### The data ###

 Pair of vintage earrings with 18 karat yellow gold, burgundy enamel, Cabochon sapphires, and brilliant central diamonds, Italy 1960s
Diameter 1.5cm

###
### The data ###

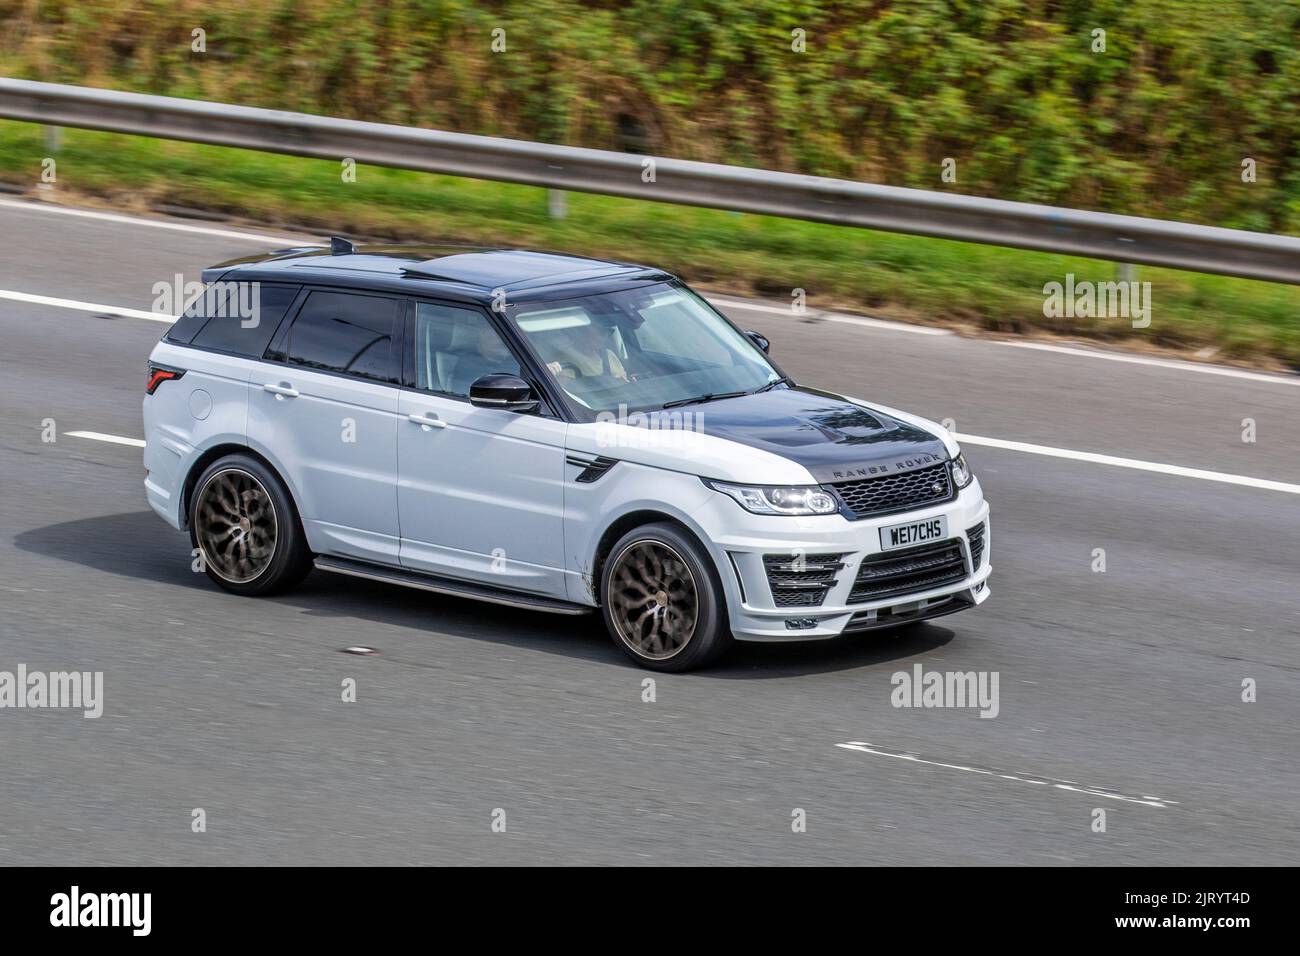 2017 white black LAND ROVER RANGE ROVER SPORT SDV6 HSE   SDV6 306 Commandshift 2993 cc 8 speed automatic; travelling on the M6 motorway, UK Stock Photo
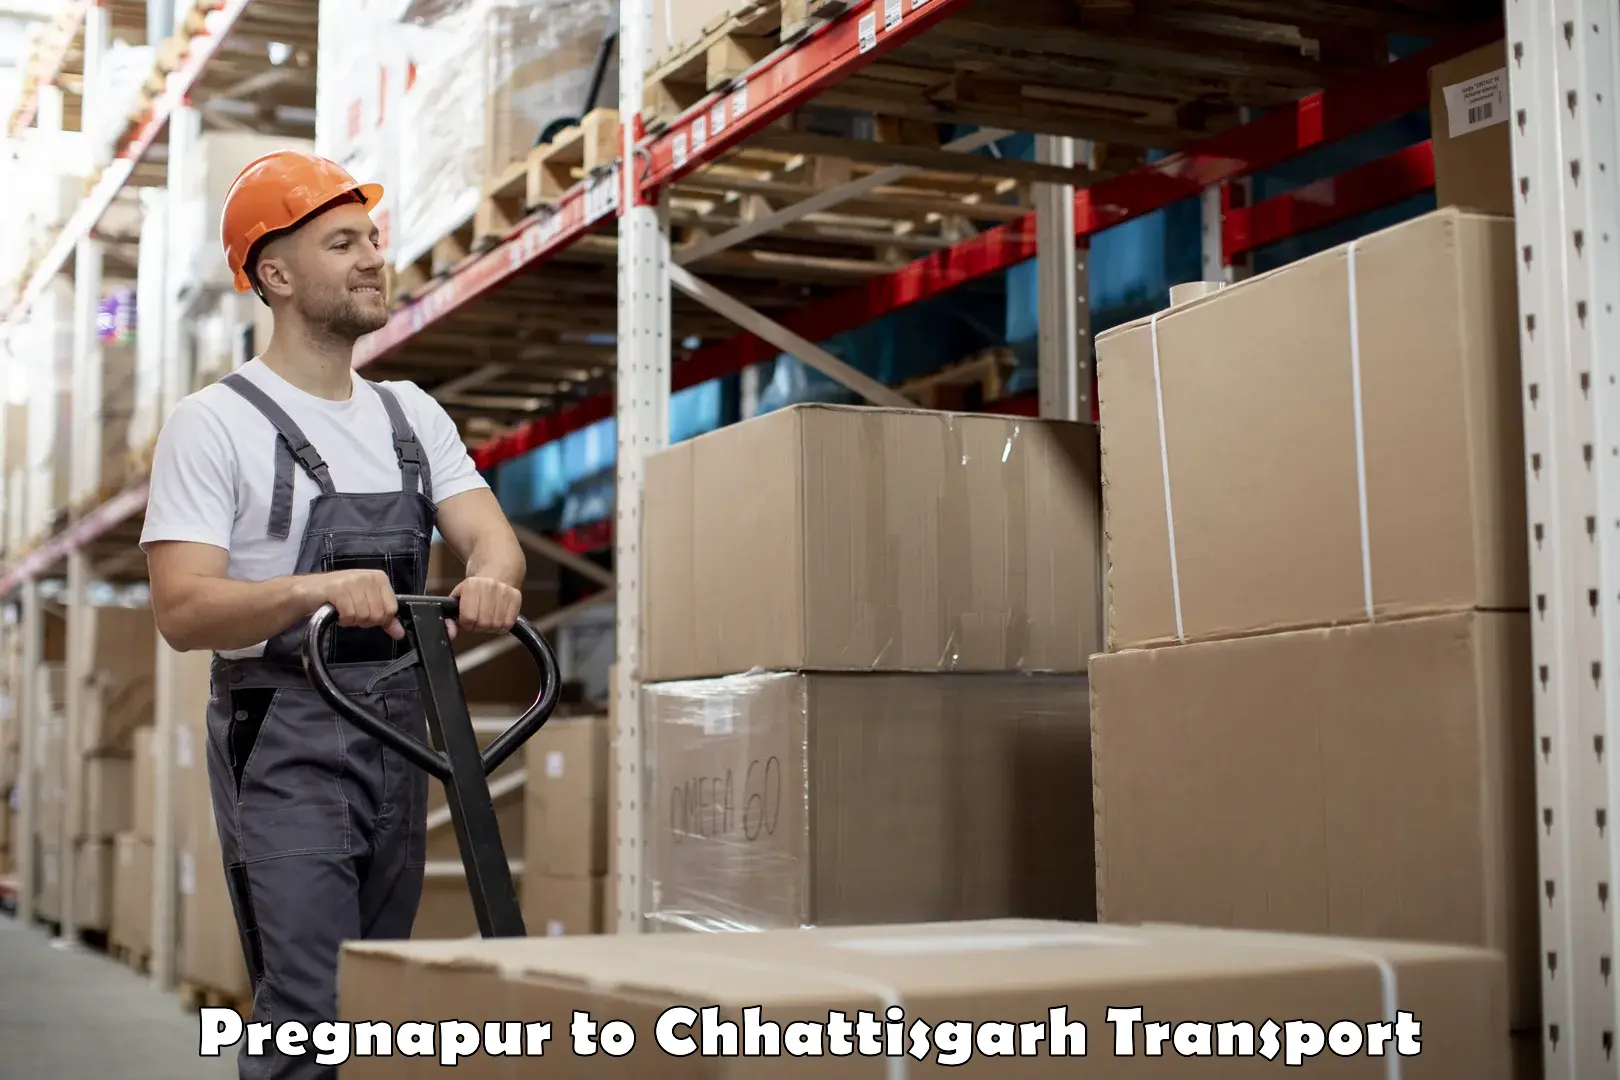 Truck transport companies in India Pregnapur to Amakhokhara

###

**Task**
Go to the line above that contains "2017 white black" and reproduce everything exactly from there through the line that contains "Truck transport companies", leaving out the pictures.

**Solution for this exercise**
 2017 white black LAND ROVER RANGE ROVER SPORT SDV6 HSE   SDV6 306 Commandshift 2993 cc 8 speed automatic; travelling on the M6 motorway, UK Stock Photo
 Truck transport companies in India Pregnapur to Amakhokhara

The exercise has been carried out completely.